The midterm elections are two weeks away and President Trump’s strategy for the country’s longest war is not going well.
In one of the most brazen attacks in recent memory, a U.S. brigadier general was shot and the top commander in Afghanistan targeted last week by a Taliban gunman, who was able to assassinate two top Afghan officials.
This week, a member of the Afghan security forces apparently turned on members of the U.S.-led coalition, killing one and wounding two others. All as the conflict, which costs taxpayers about $3 billion per month, entered its 18th year.
“Things are not improving,” said Bill Roggio, the editor of the Foundation for Defense of Democracies’ Long War Journal. Roggio, who has studied the conflict for years, and his colleague Thomas Joscelyn, have now declared that the U.S. has lost the war in Afghanistan.
But as voters go to the polls for midterm elections that many believe will hinge on President Trump, the president’s year-old Afghanistan strategy is not only unlikely to affect the outcome but is largely nonexistent in the public debate.
“There is no question that it has fallen off the charts. Just look at news reports, you hardly ever hear about it,” said Fran Coombs, the managing editor of Rasmussen Reports, a polling company that tracks the midterm elections.
The lack of public interest is reflected in election polling. Rasmussen’s most recent poll on Afghanistan in July found that 21 percent of voters do not think the U.S. is still at war and 21 percent don’t know.
Both Gallup and the Pew Research Center said they have not even done any polling on Afghanistan for the midterms, an indication of where the war ranks among election issues.
A Pew poll of the general public this month did find 49 percent of the country believes the U.S. has failed to achieve its goals in Afghanistan.
Foreign policy rarely holds major sway over national elections, but Afghanistan and the recent high-level attacks come at what could be a pivotal point in the 9/11-era war, what veterans have come to call the “forever war.”
Trump unveiled his plan in August 2017 to send an additional 4,000 U.S. troops to Afghanistan in the hope of forcing the Taliban into peace talks.
“Since Trump announced a reboot of the Afghan strategy, the goal was we’ll add additional military personnel, work closely with the Afghan military, we’ll beat them back on the battlefield and force them to the negotiating table. Well, none of that has happened,” Roggio said.

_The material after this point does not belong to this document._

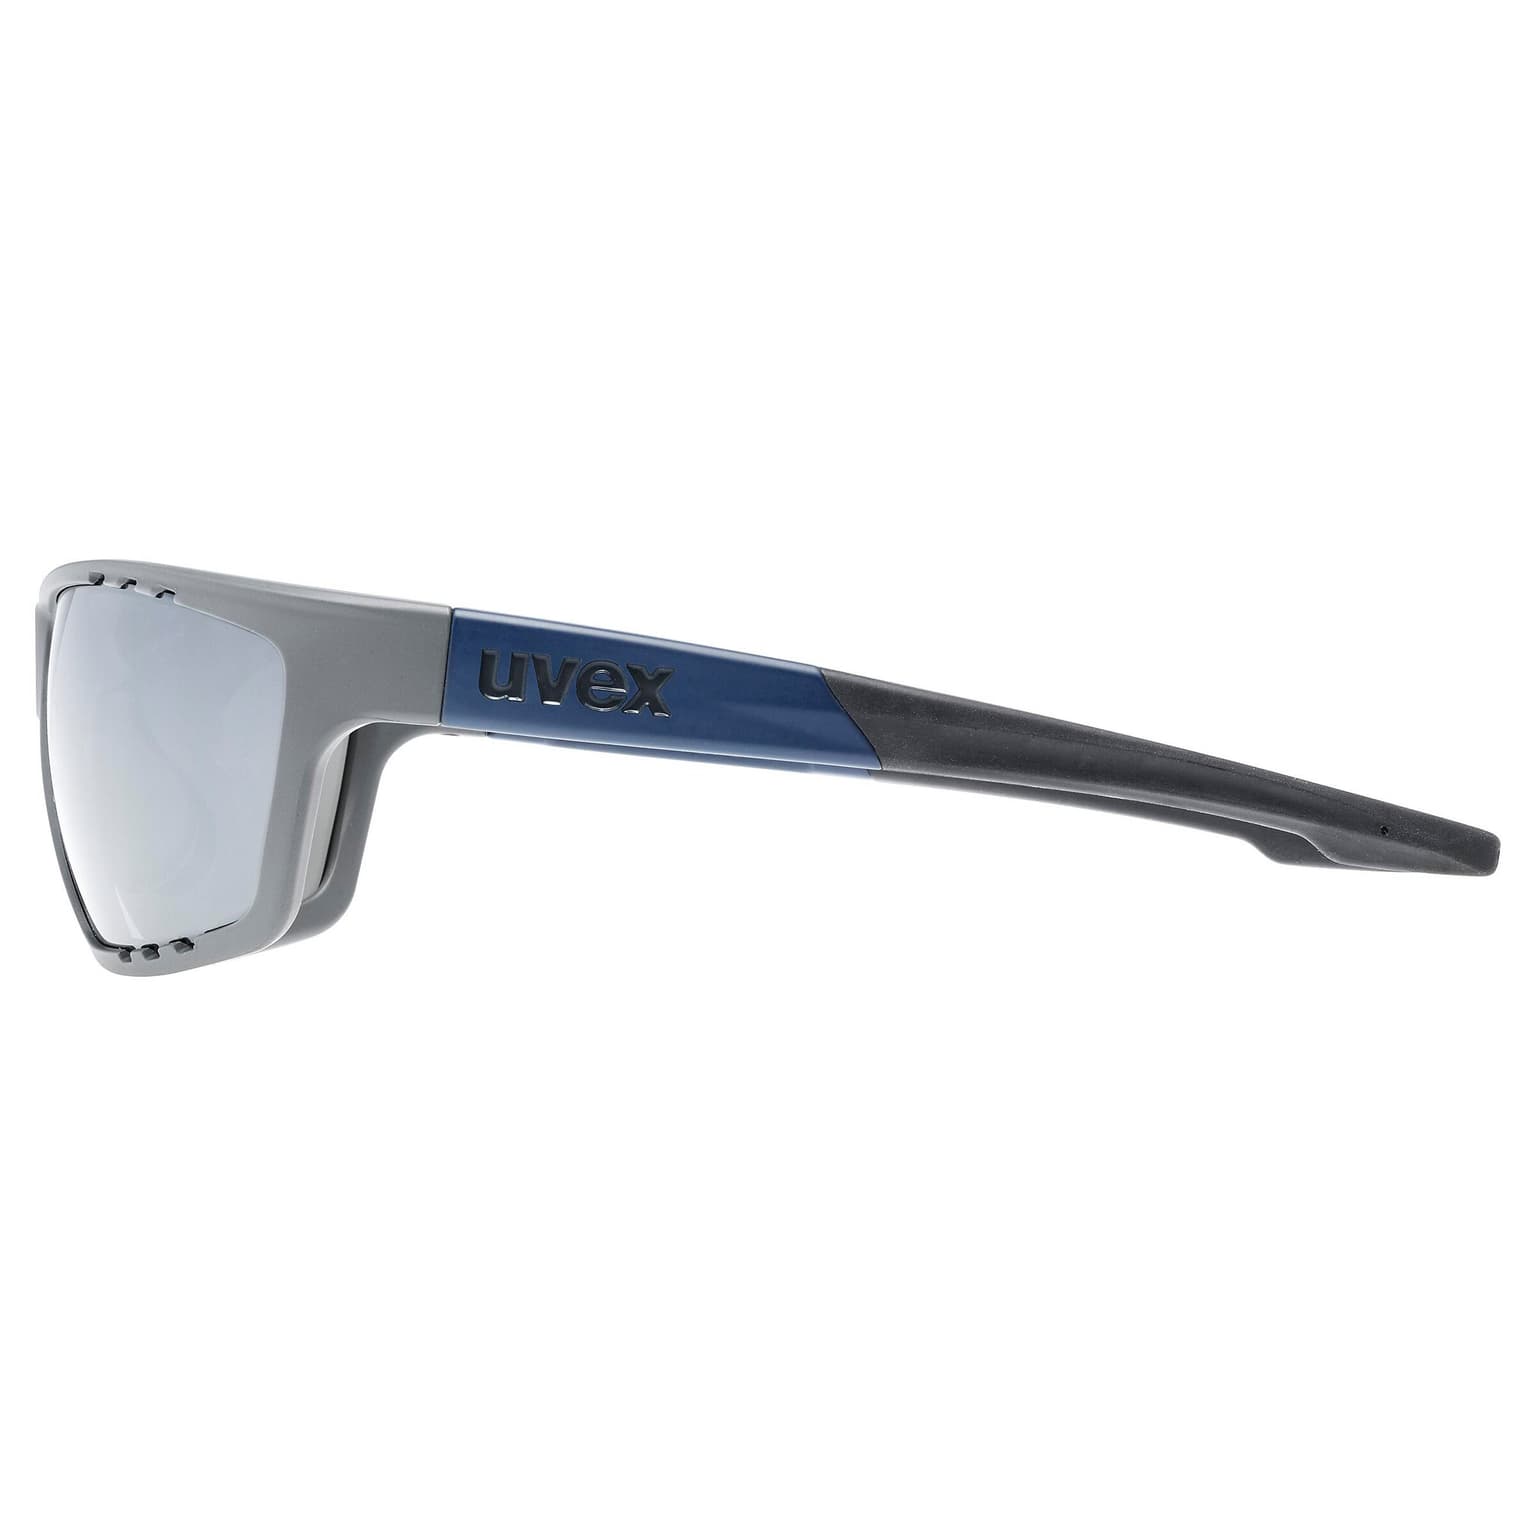 Uvex Uvex Allround Sportbrille grigio-chiaro 2

The Pentagon has insisted the new strategy is working, but none of it has seemed to break through to the public and voters.
“I think there is no question if public figures put more of a spotlight on it people will care more about it,” Coombs said.
Trump himself has rarely mentioned Afghanistan since deploying the additional troops, and mostly in passing or at Medal of Honor ceremonies.
“We discuss it all the time,” he said Tuesday when questioned about the success of his war strategy during a White House meeting with military leaders. Asked about the attack and wounding of a U.S. general, Trump said, “We feel very badly about that, it’s war. It’s a tough business.”
In July, the president mentioned Afghanistan briefly during two official White House events, citing “tremendous success” while hosting Italy’s prime minister and telling a veterans' convention that “for the first time in years, we're making a lot of progress in Afghanistan.”
In the meantime, Trump has been talking about rethinking U.S. relationships with allies abroad and entanglements overseas. He said in March that he would bring the roughly 2,000 troops fighting the Islamic State in Syria home “very soon,” though now his administration has signaled the forces will remain until Iran leaves.
That is the message that could reach voters, Rick Dearborn, Trump’s former deputy chief of staff and now a member the Cypress Group consulting firm, said during a discussion on the midterm elections at the American Enterprise Institute.
“He’s tapped into what I think has been a serious fatigue for this country for a lot of moms and a lot of dads out there who’ve had their kids injured in the last wars that we’ve been in and I think are probably pretty grateful that he’s not trying to redeploy them everywhere in the world right now,” Dearborn said about voter attitudes on Trump’s foreign policy.
Roggio said he does not blame the public for the lack of interest in the Afghanistan War. He said the government is treating it like a “backwater problem” that the average person should not be concerned about.
“If it is not important to the government it is probably not important to the people, they are just not going to recognize it,” he said.